Seen from my home in Washington, DC, as well as from the entirety of my international experience, this is a politically delicate question. While the risk and apparent mounting impacts of climate change require that we all manage the energy transition with urgency, it is also true that extreme haste can produce ineffective and/or counterproductive results in terms of both GHG emissions and socio-economic impacts. This is because energy transition policies and strategies need to be realistic and pragmatic about maintaining adequate energy supply in the most economically and environmentally efficient way possible. When climate aspirations run to quickly ahead of these realities, for example, by seeking to ban or defund all fossil fuels before renewable energy and storage technologies can pick the slack, the results can be quite dire in terms of increasing GHG-intensive coal consumption at the expense of cleaner fuels, increasing GHG emissions, driving up energy prices to industries and households, stimulating inflation, and diminishing economic growth. In my view, maximising the velocity of the energy transition to clean fuels and renewable energy will require that countries and companies pursue a strategic approach that is pragmatic, well-sequenced and firmly grounded in the realities of energy economics, investment, finance, and operations. Such an approach would maximise the availability of affordable clean energy supply throughout the process and phase out the most GHG-intensive energy supplies in a sequenced approach after clean energy supplies are ready to maintain reliable, affordable supply.

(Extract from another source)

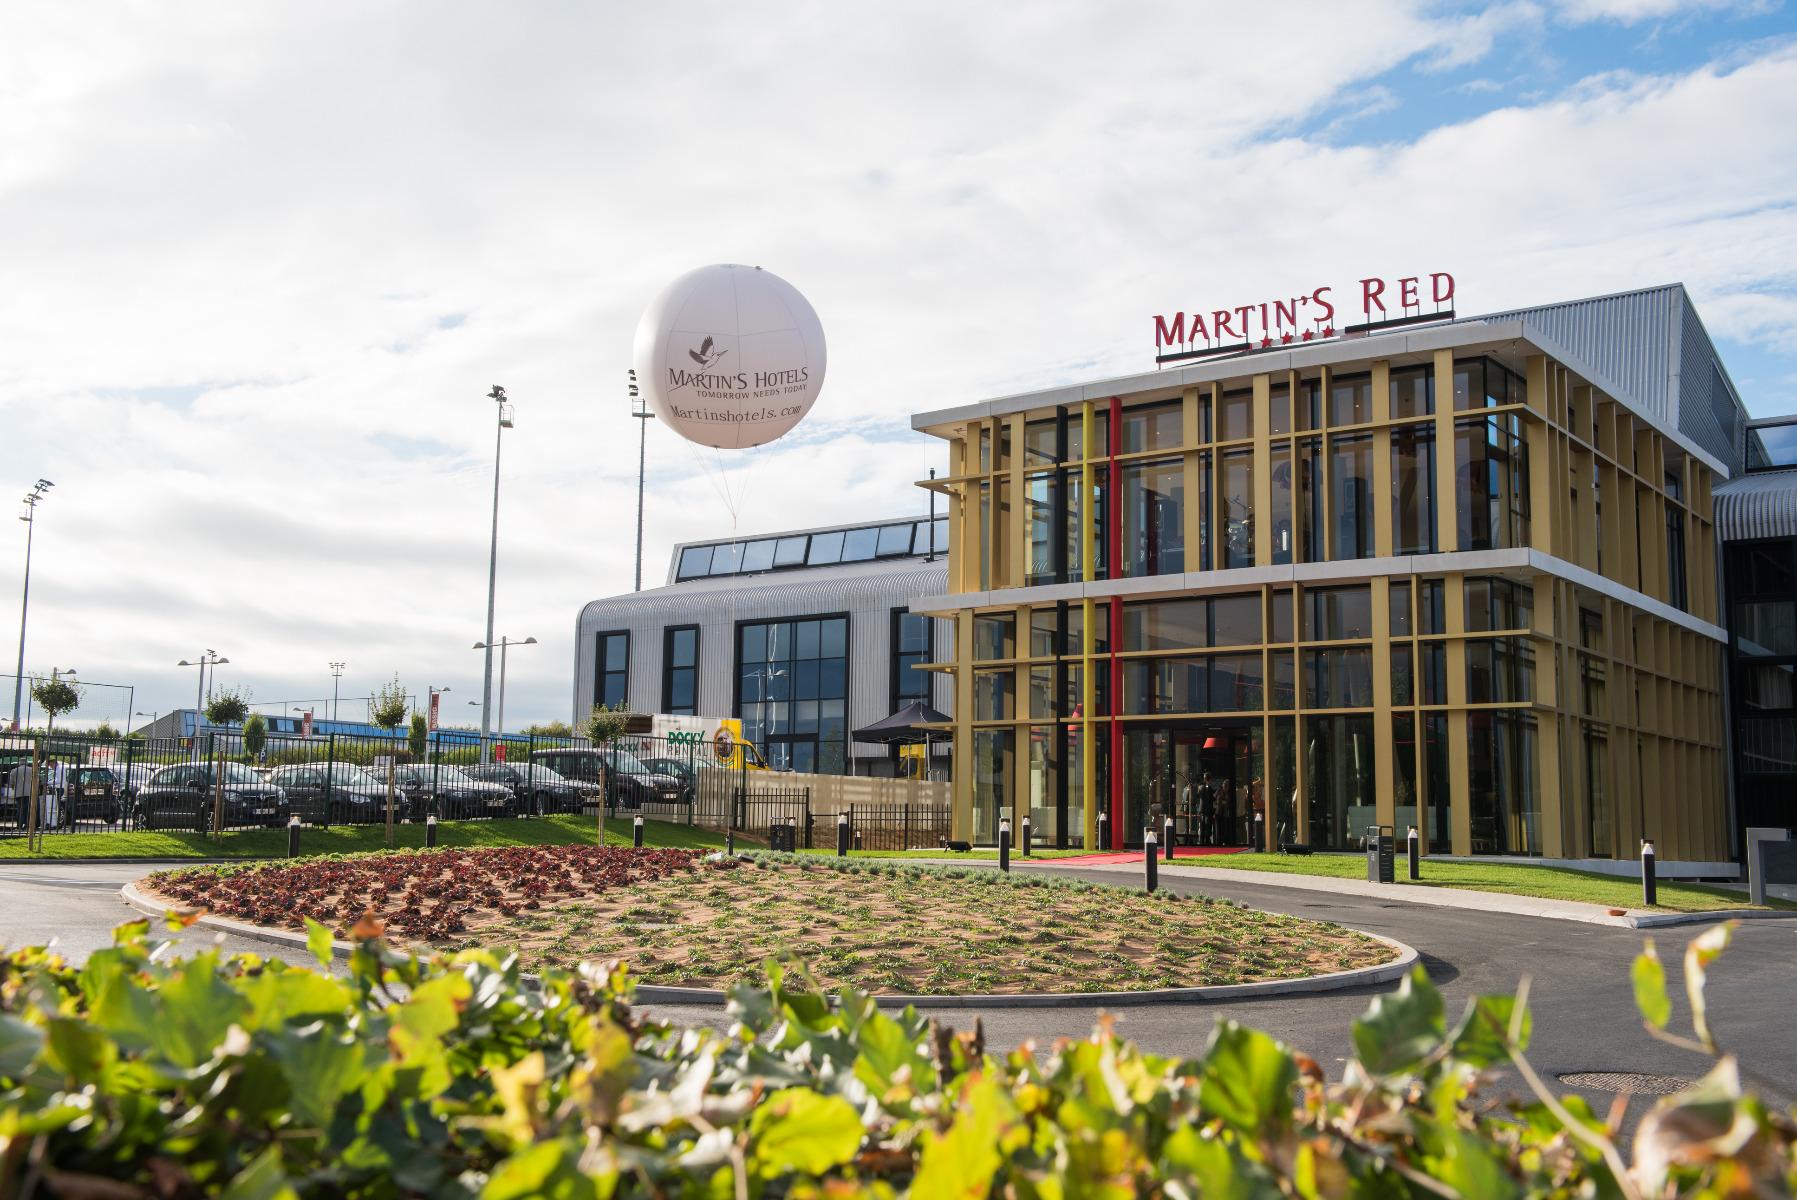 Golfexpedition-Golfreizen-België-Brussel-Red-course-gebouw-planten-rond

As chair and managing director of BRG’s energy and climate practice, how are you looking to further build the firm’s offering in these areas over the next couple of years?
Our practice is proud of what we have built so far and looking forward to enhancing and deepening our work and capabilities in clean fuels, renewable energy, and energy storage above all. We intend to expand our strategic, transactional, and commercial advisory services in these areas. We also aim to expand our dispute resolution work in relation to stranded or impaired assets, projects, and/or contracts that may result from the energy transition. In doing these things, we expect to expand our team’s overall size, range of expertise, and international footprint quite substantially.